Film Review | The Little Deputy (2015)

Film run-time: 8 minutes | Starring Trevor Anderson, Luke Oswald, Rob Chaulk
Written and Directed by Trevor Anderson, Produced by Blake McWilliam, Cinematography by Peter Wunstorf

The Little Deputy“, a 2015 short film by Trevor Anderson, is a mythologized re-telling of one man’s childhood memory, recaptured as a pivotal instance of self-realization. In filtering the past through an artistic lens, a creative reclamation can enable a deeper understanding of self. Trevor wishes to recreate a photograph that he had taken in his youth with his dad.

Structured as a triptych of vastly different time periods and aesthetic styles, Anderson alludes to the malleability of form, as akin to gender, and to the genred narratives that are likewise artificial designates which segregate analogous creations: fiction, non-fiction; male, female; story, self. These categories are subtly interweaved in a blended work that defies indexical simplicity.
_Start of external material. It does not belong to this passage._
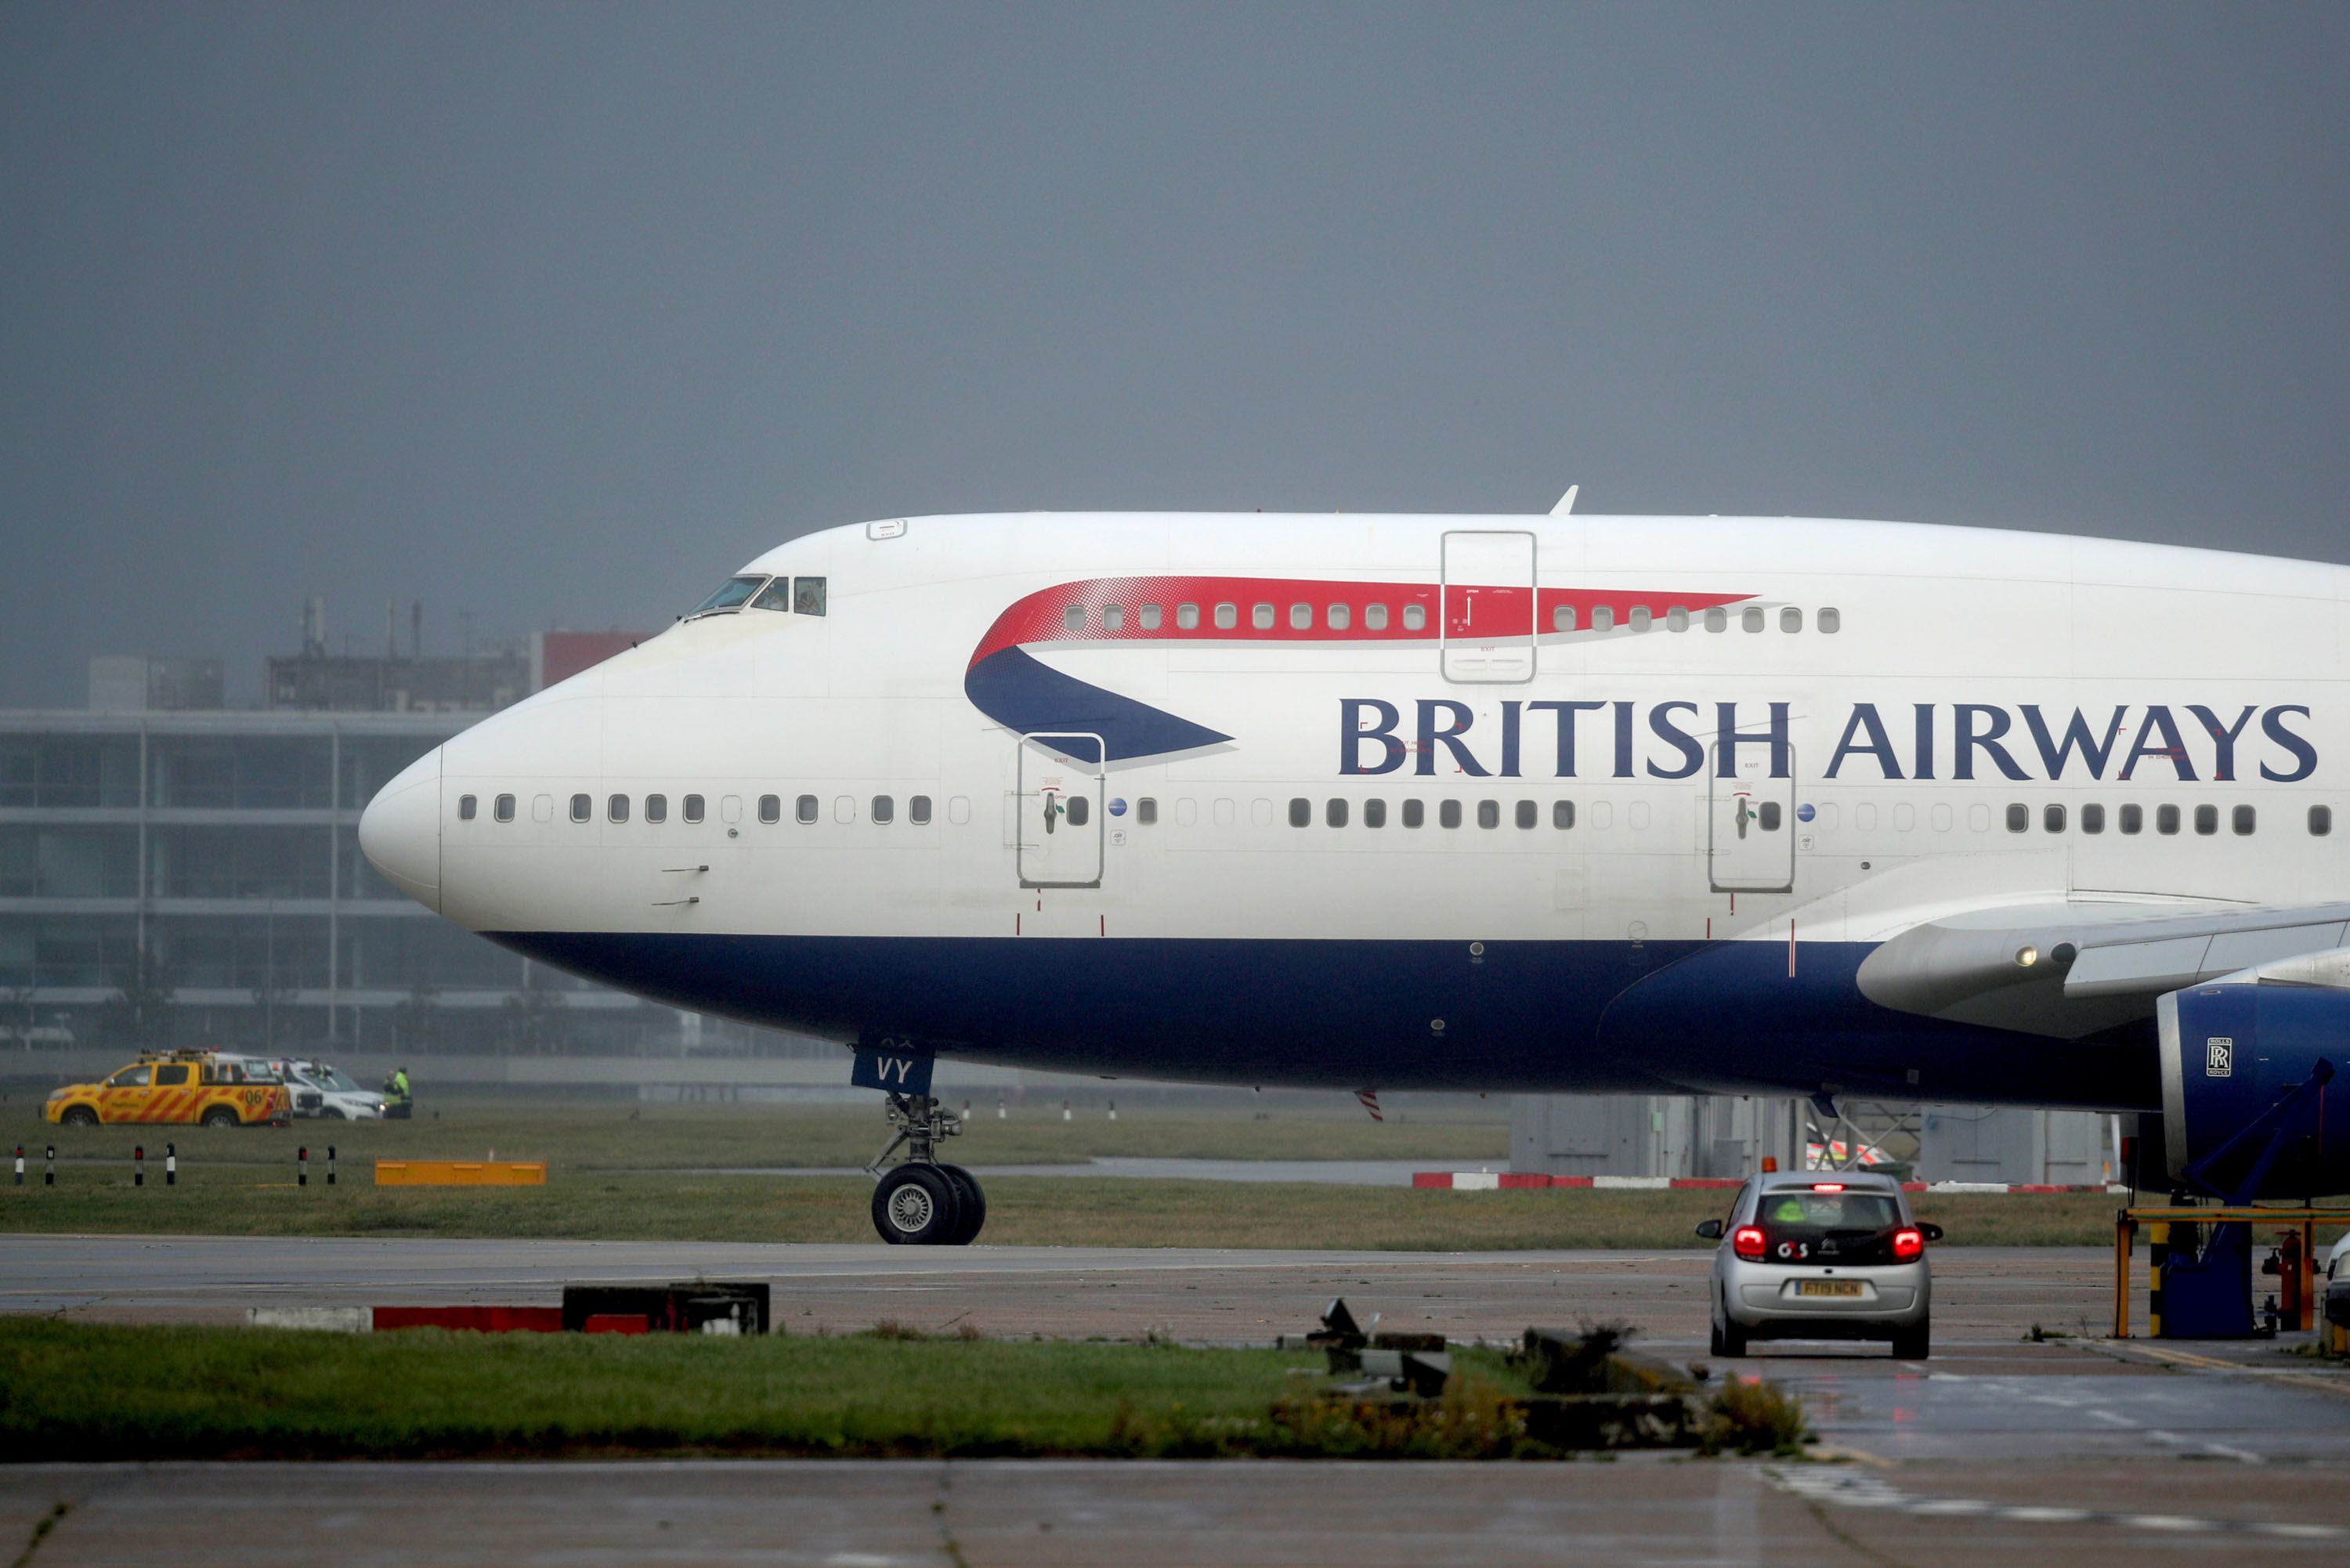 British Airways retires its final 747 airplane | CNN

As a stylistic display of contrasts, the film’s different segments manage to simultaneously encapsulate a time and a feeling. The low-resolution analog video of Trevor’s childhood is shaky, unbounded, nostalgic, and genuine, whereas an incisive imagining in adulthood is fluid, confident, regal, and robust; in enacting such visual dissimilarities, Anderson may point to personal assessments that denote an early naiveté and later maturity in one’s comprehension of identity.
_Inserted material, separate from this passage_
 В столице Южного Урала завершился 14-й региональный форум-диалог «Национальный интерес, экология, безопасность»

The act of creation, whether a formation of identity or a foundation of principle, is one that is inherently theatrical and prosaic at once. By circumventing imposed limitations in both cinematic construct and societal conventions, Anderson achieves a film that acknowledges the dramatic in the unassuming, and asserts the wide diversity of identities existing outside of an orthodox paradigm.